BERT - Bidirectional Encoder Representations

pip install vectorhub[encoders-text-tfhub]

Details

Release date: 2018-10-11

Vector length: 1024 (Bert Large)

Repo: https://tfhub.dev/google/collections/bert/1

Paper: https://arxiv.org/abs/1810.04805v2

Example

#pip install vectorhub[encoders-text-tfhub]
#FOR WINDOWS: pip install vectorhub[encoders-text-tfhub-windows]
from vectorhub.encoders.text.tfhub import Bert2Vec
model = Bert2Vec()
model.encode("I enjoy taking long walks along the beach with my dog.")

Index and search vectors

Index and search your vectors easily on the cloud using 1 line of code!

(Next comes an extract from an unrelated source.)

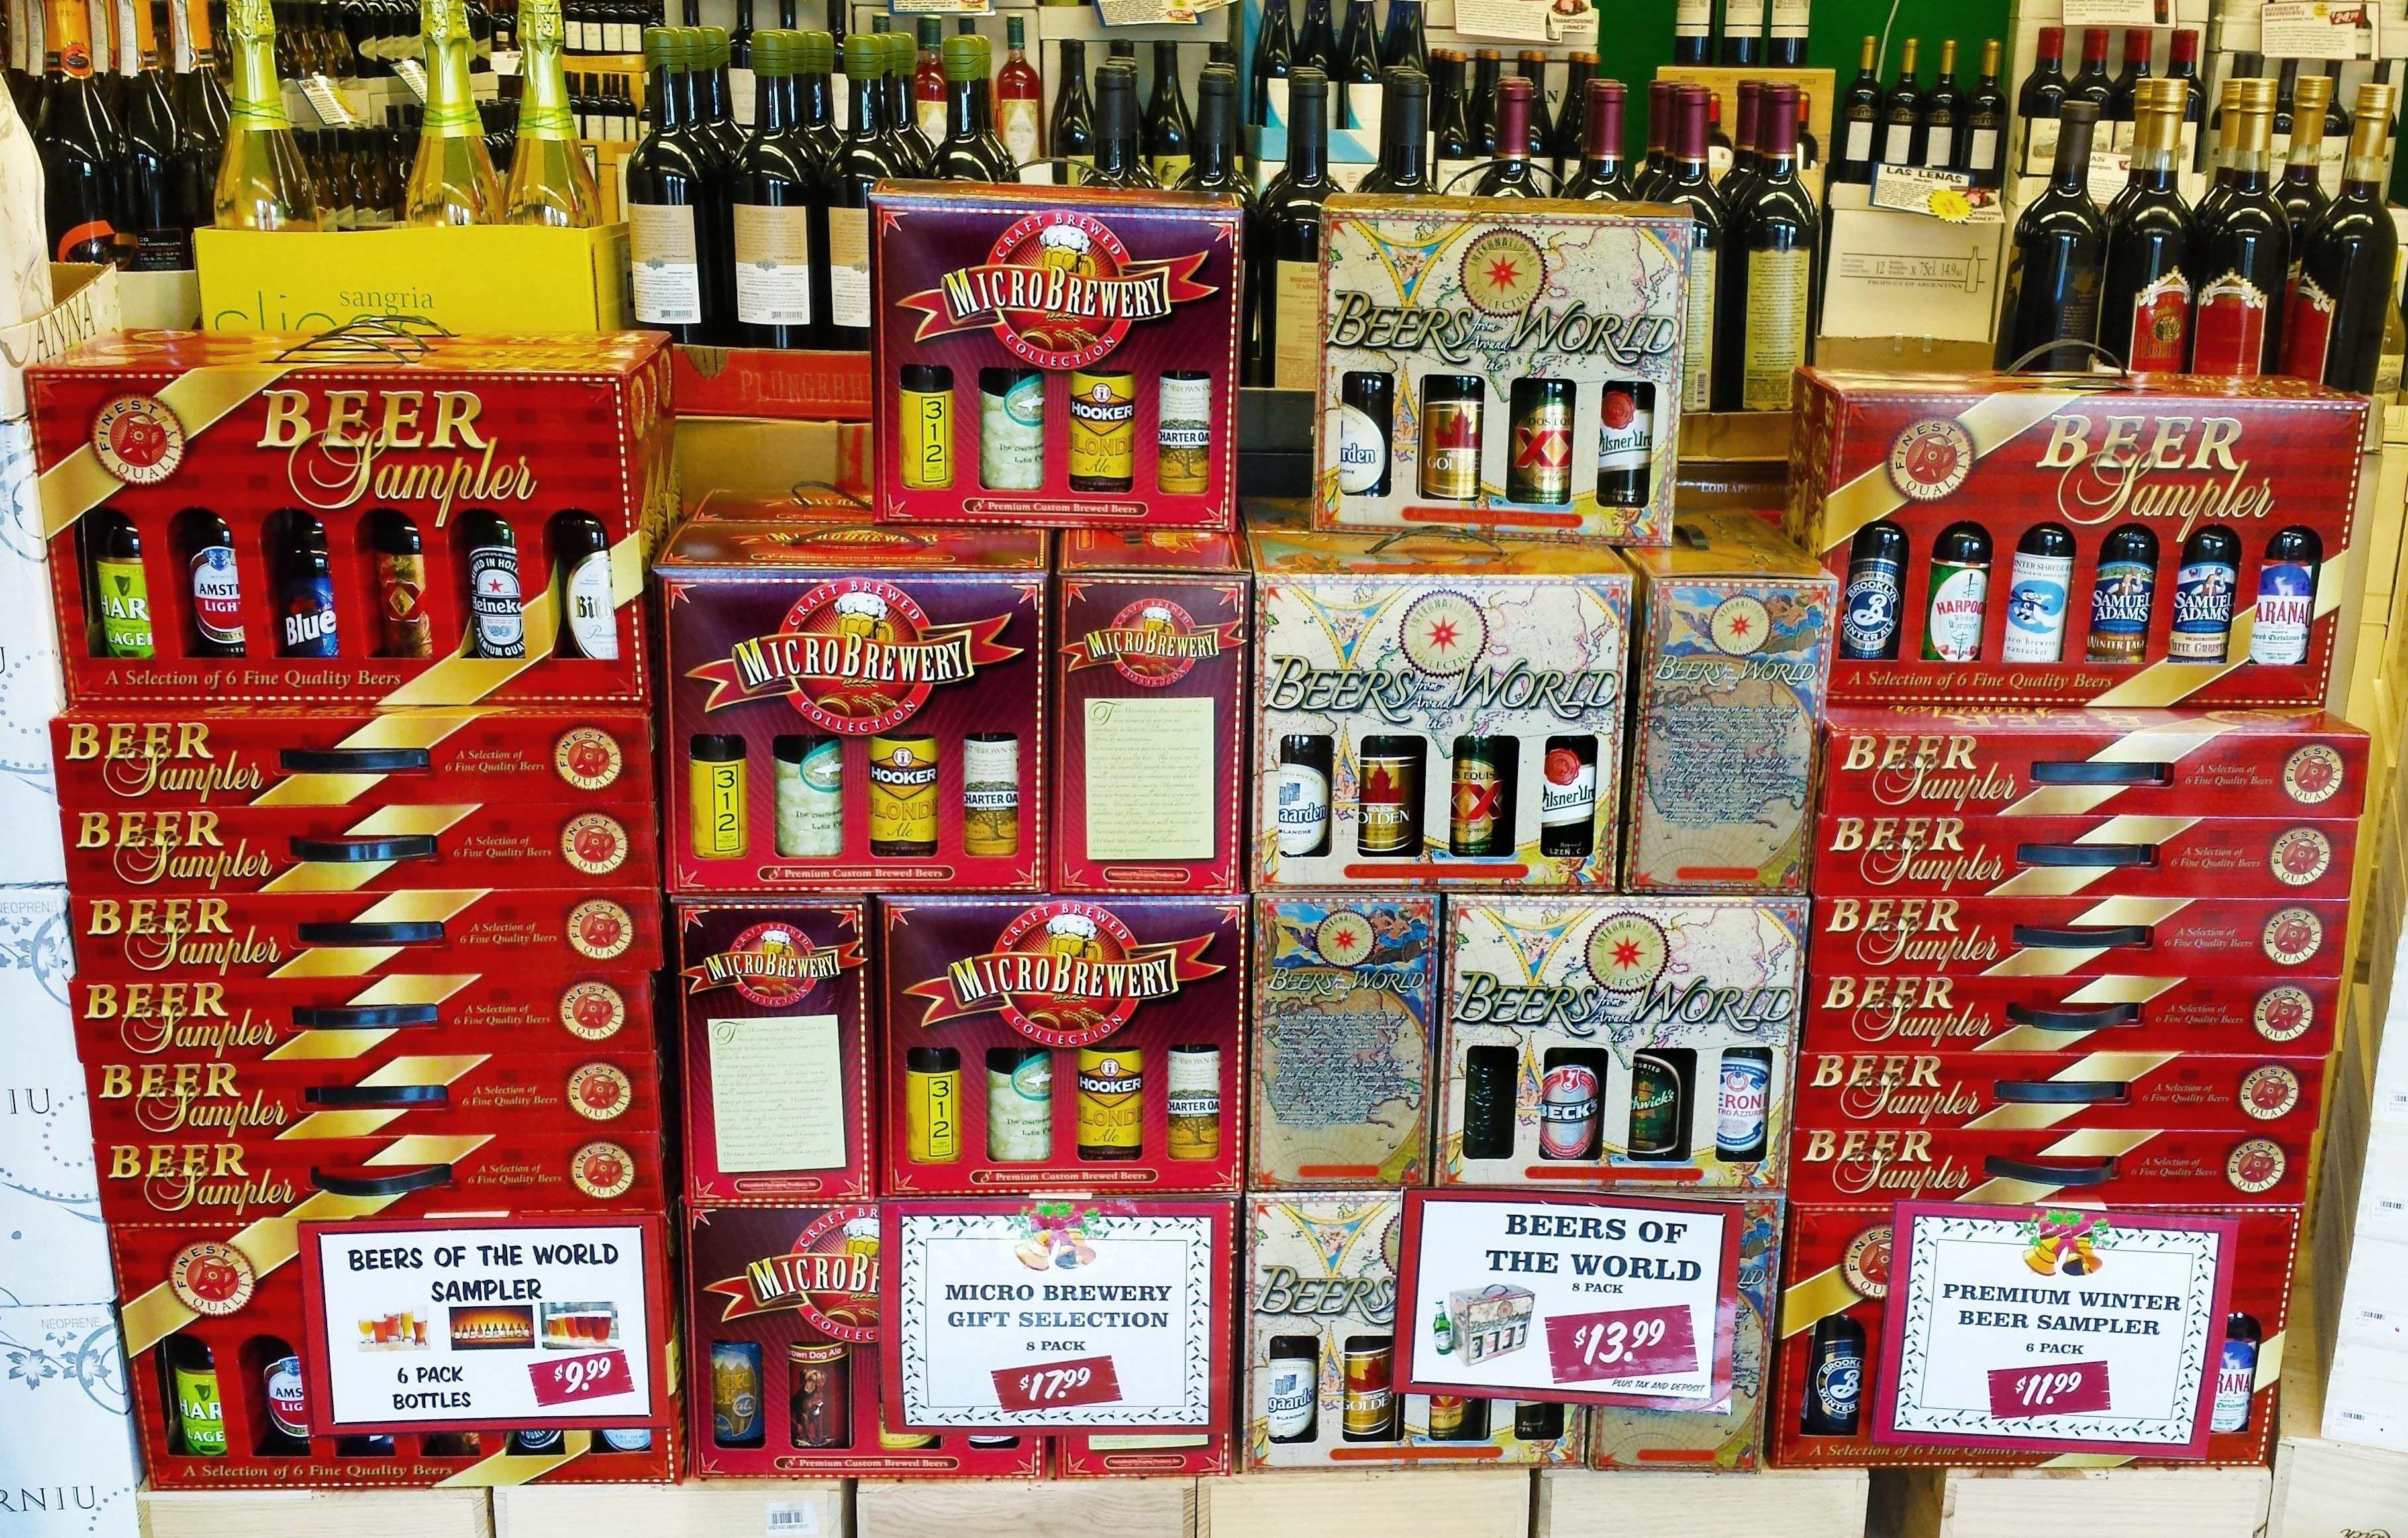 Pin By Wine And Barware On Beer Gifts Ideas Beer Gifts Beer Sampler Beer Lovers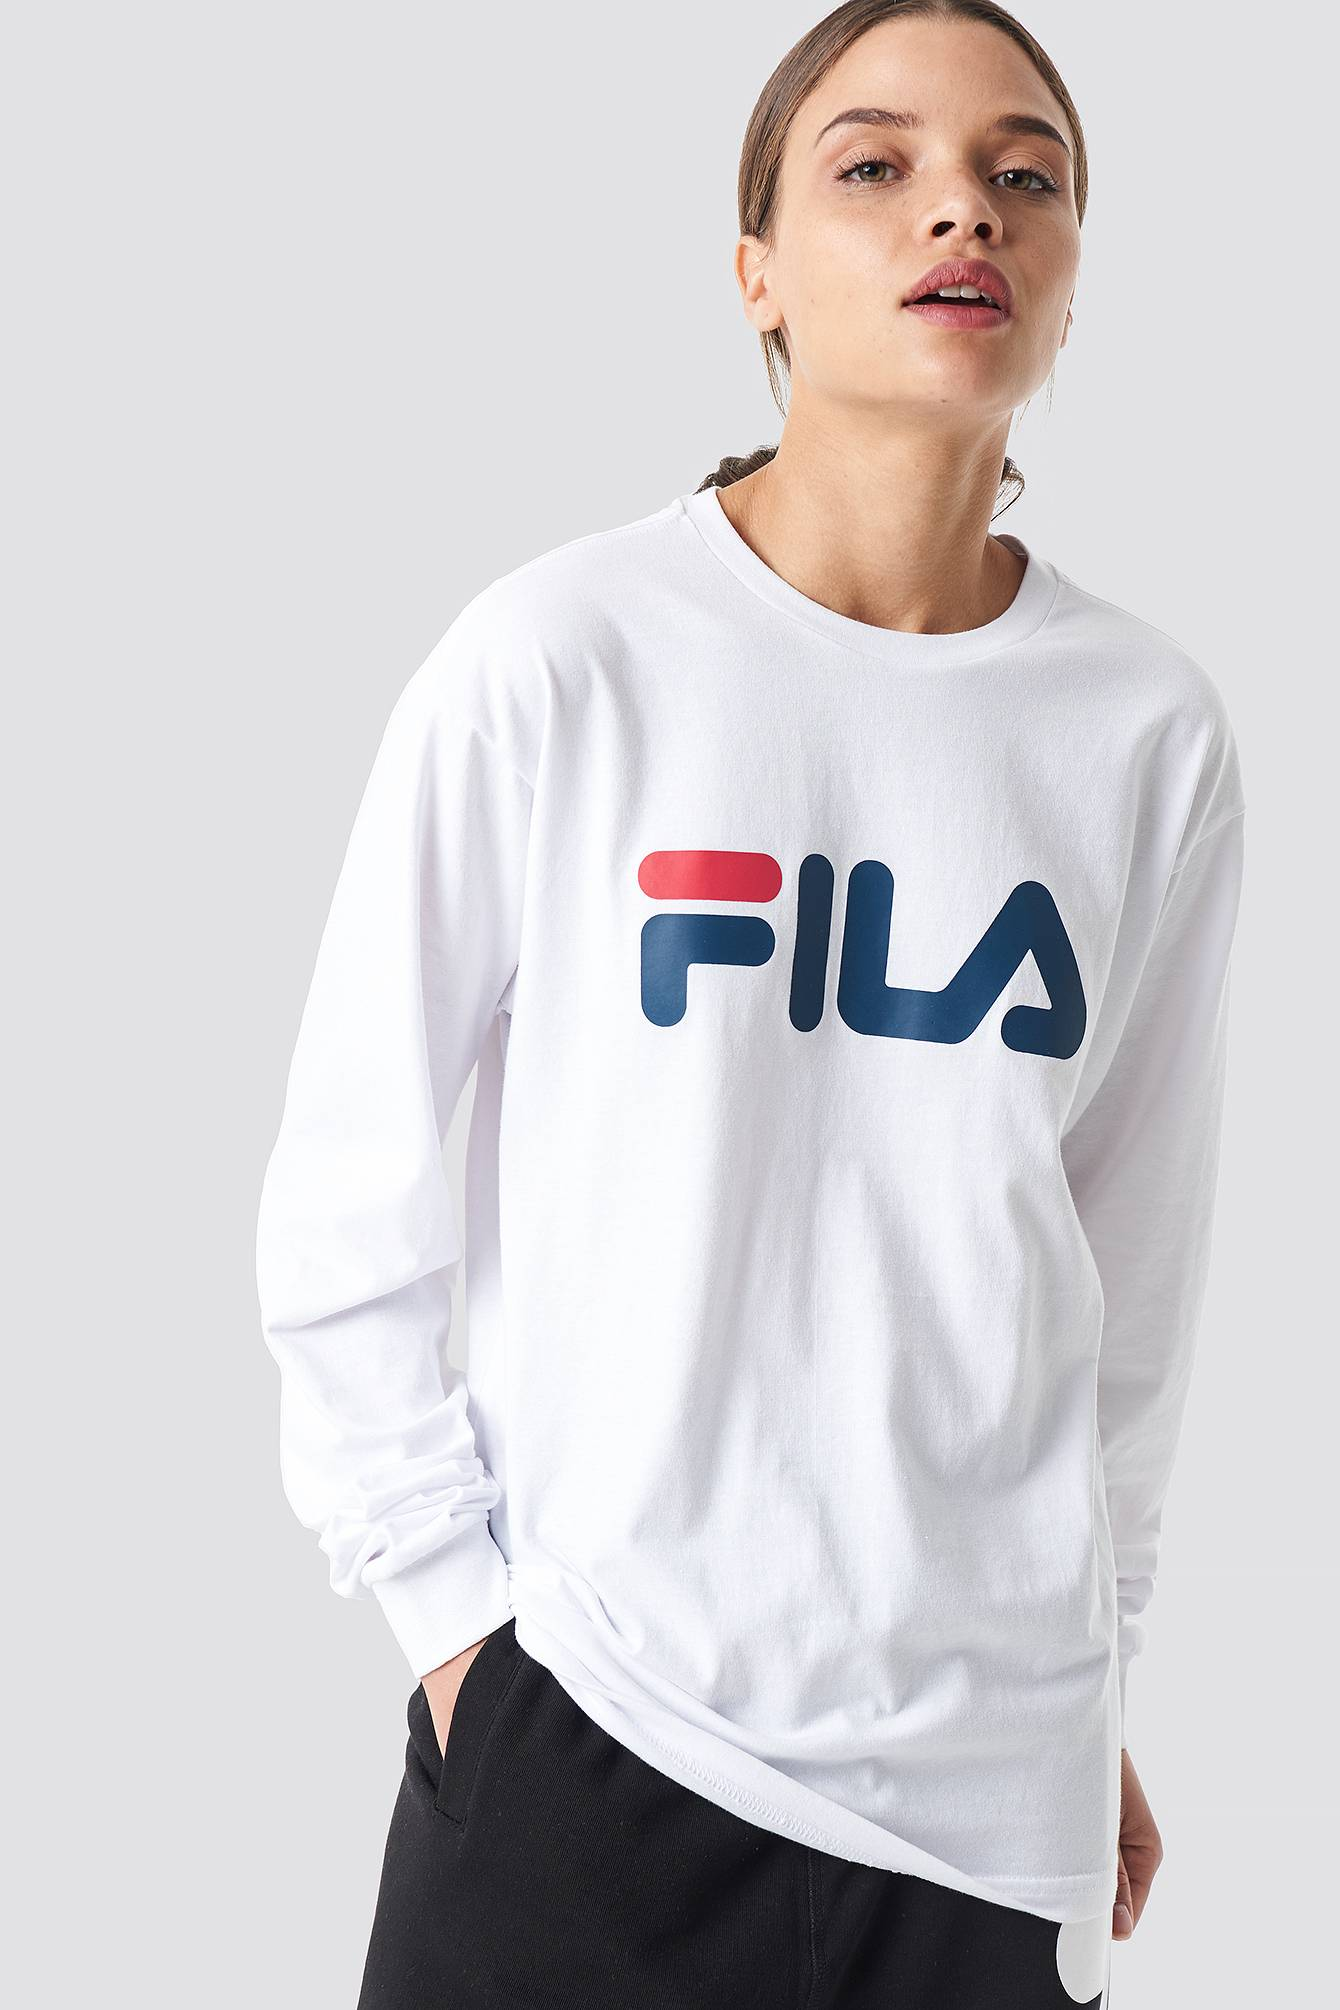 FILA Classic Pure Long Sleeve Shirt - White  - Size: Small

username = '<your username>'
email = '<your email>'
# You can request an api_key using - type in your username and email.
api_key = model.request_api_key(username, email)

# Index in 1 line of code
items = ['chicken', 'toilet', 'paper', 'enjoy walking']
model.add_documents(user, api_key, items)

# Search in 1 line of code and get the most similar results.
model.search('basin')

# Add metadata to your search
metadata = [{'num_of_letters': 7, 'type': 'animal'}, {'num_of_letters': 6, 'type': 'household_items'}, {'num_of_letters': 5, 'type': 'household_items'}, {'num_of_letters': 12, 'type': 'emotion'}]
model.add_documents(user, api_key, items, metadata=metadata)

Description

We introduce a new language representation model called BERT, which stands for Bidirectional Encoder Representations from Transformers. Unlike recent language representation models, BERT is designed to pre-train deep bidirectional representations from unlabeled text by jointly conditioning on both left and right context in all layers. As a result, the pre-trained BERT model can be fine-tuned with just one additional output layer to create state-of-the-art models for a wide range of tasks, such as question answering and language inference, without substantial task-specific architecture modifications.

Bert Image

Working in Colab

If you are using this in colab and want to save this so you don't have to reload, use:

import os 
os.environ['TFHUB_CACHE_DIR'] = "drive/MyDrive/"
os.environ["TFHUB_MODEL_LOAD_FORMAT"] = "COMPRESSED"

Model Versions

Model Table Vector Length
google/bert_cased_L-12_H-768_A-12 768
google/bert_cased_L-24_H-1024_A-16 1024
google/bert_chinese_L-12_H-768_A-12 768
google/bert_multi_cased_L-12_H-768_A-12 768
google/bert_uncased_L-12_H-768_A-12 768
google/bert_uncased_L-24_H-1024_A-16 1024

Limitations

  • NA

Training Corpora:

  • BooksCorpus (800M words)
  • Wikipedia (2,500M words)

Other Notes:

  • BERT was trained for 1M steps with a batch size of 128,000 words.